My simple claim is yoga is more than the Lulu-lemon sponsored hour of stretching, capped off by a nap. Well, it does have those elements, but I can now admit after a year of what you can call dedicated practice. Yoga has proven to be an effective method to practice meditation and to combat my lifestyle choice of working through lunch everyday.
I am essentially parroting the same thing most type-As claim after their first “chaturanga”, however that doesn’t make it any less true. With that I will disclose my greatest benefit from adopting a regular yoga practice instead of doubling down on Olympic lifts has been gaining the ability to challenge what goes on in our own minds.
This week began with me recovering from the toughest yoga class I’ve ever been to. I am still convinced that it was held in a hyperbolic time chamber, disguised as a studio. Arriving for a fabled Saturday class that I’ve put off for a long time the easiest part of that class was unrolling my mat. That too was difficult once I stepped in I became intensely aware the AC was off and half a dozen large windows lining the room, welcomed the Florida sun. In that instant, maybe it was the sticky thick air of the room, but the urge to escape the room welled up inside me. Only being able to gulp down my fear of things to come I proceeded to roll out my mat. I was betraying my instincts! The source irrational thing I’ve trusted that’s kept me safe my entire life. But, today it was time for ‘power’ yoga and greet this feeling of different and not run away.
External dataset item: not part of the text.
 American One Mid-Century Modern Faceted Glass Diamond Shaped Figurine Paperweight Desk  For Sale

The class was different, to put it simply, my mind and body had to quickly adjust to the pace the instructor; as she had a cadence and emotional tone I would describe as religiously empowered, I mean ‘WooWoo’. Teaching yoga or performing the role of yogi was was obviously important to the instructor and I believed it was to the class as well, so why rock their boat if self mastery was one of my sub objectives for sticking with yoga for as long as I have? Because my instincts had scored a half court 3-pointer when I walked in.
As a life long athlete summer heat is manageable; capriciously long positions/holds are tolerable; but apparently when the phrases “surrender” and “center your heart/mind” are used when my rationale mind is hanging on to understand every bio-mechanical benefit and use of this class, that is my flash point. My instincts drew a new picture for me. And it is this one moment that made all worth it. helped me paint a new picture: I was terrified of getting injured; either because my joints and muscles weren’t ready for a class like this or the instructor genuinely lacked empathy and respect for the individual (two people leaving before the half way point of the session of the heat/frustration).
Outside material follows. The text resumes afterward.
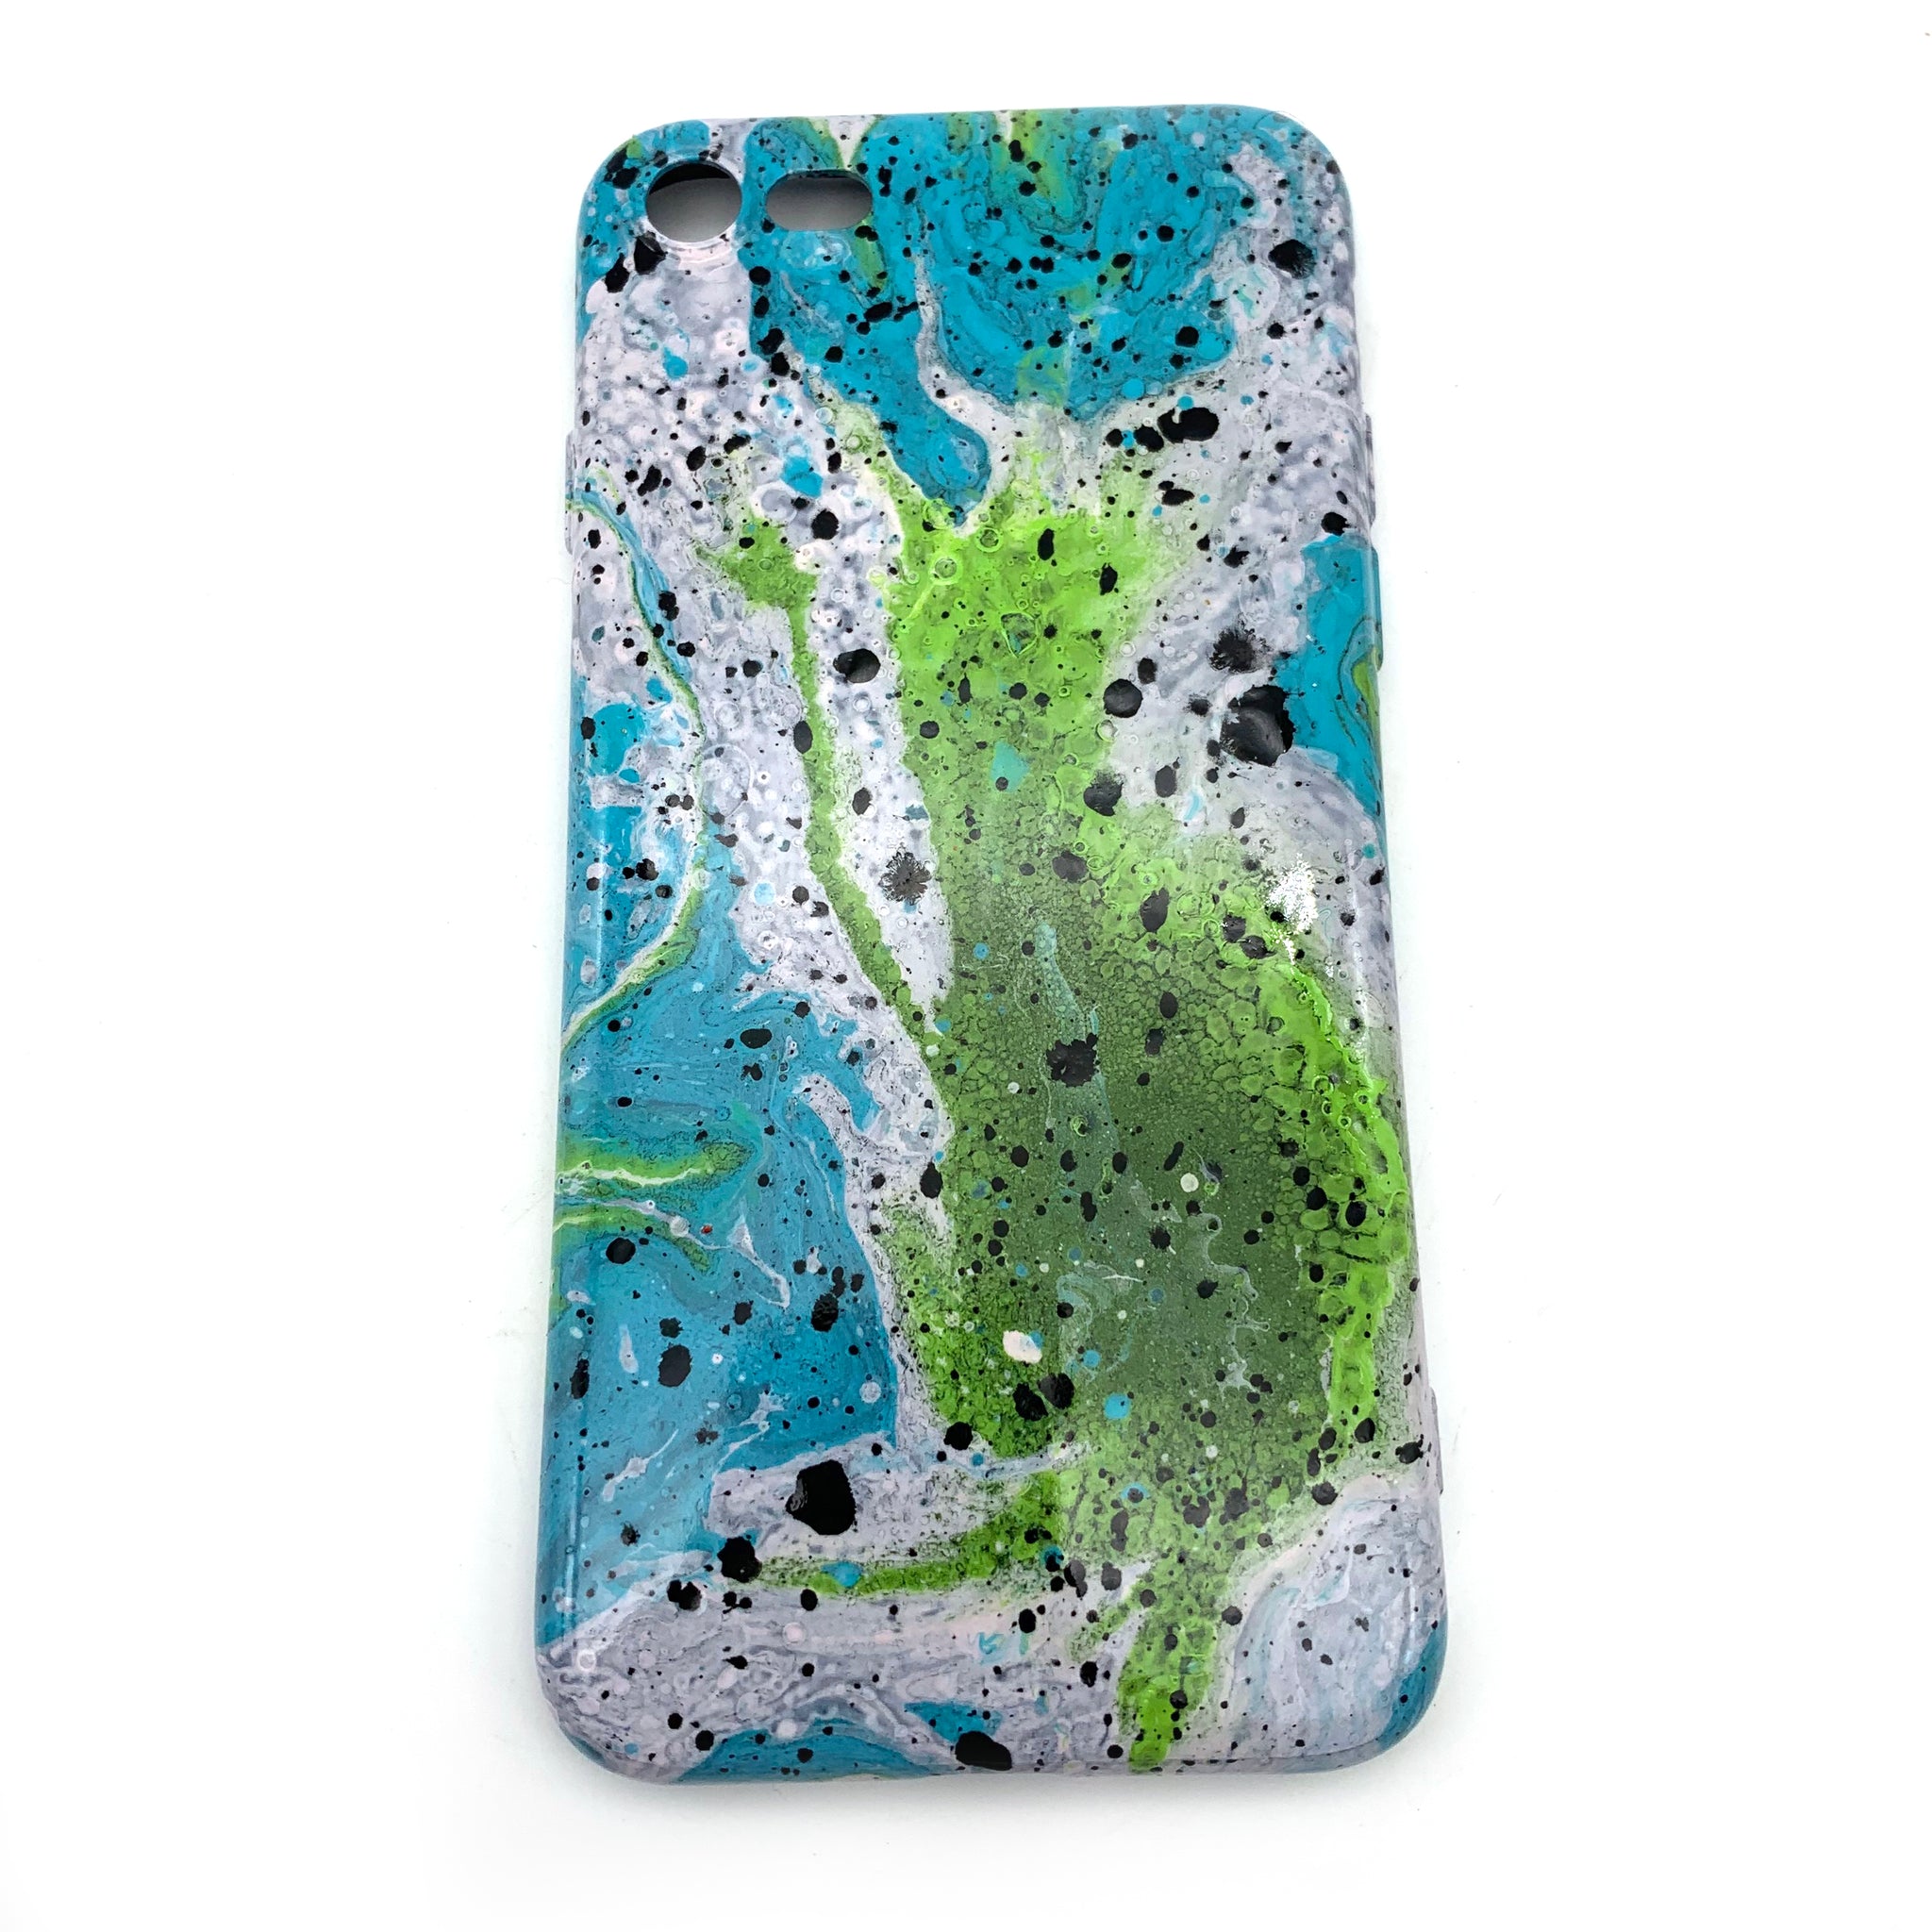 Hydro Dipped Phone Cases in Green Blue White and Black - iPhone 7, iPhone 8, iPhone SE (2020)

Come on brain why would you think such a mean thing as that? An instructor put a lot of care in to performing expertly do positions with esoteric jargon, issuing verbal cues to push for advanced poses than demoing an adequate regression, “The temperature feels fine to me.” the reply to a red in the face student.
Either my months of previous yoga has been homogenized by corporate overlords and the mantra of play it safe, or I’ve gotten myself into enmeshed with an instructor I didn’t want, but could make the best of it.
Each time I perceived a micro-aggression: breath through it (towels were handed out to everyone but me). Hearing the request to surrender into a pose, don’t cringe. Ask myself at what pace can I do each movement, instead of just copying the pace of the manic pixie in the front of the room.
Is this the secret to yoga? Quieting the monkey mind and all that jazz? Because it has a lot to offer a hyperactive person that traditional meditation can’t do as effectively.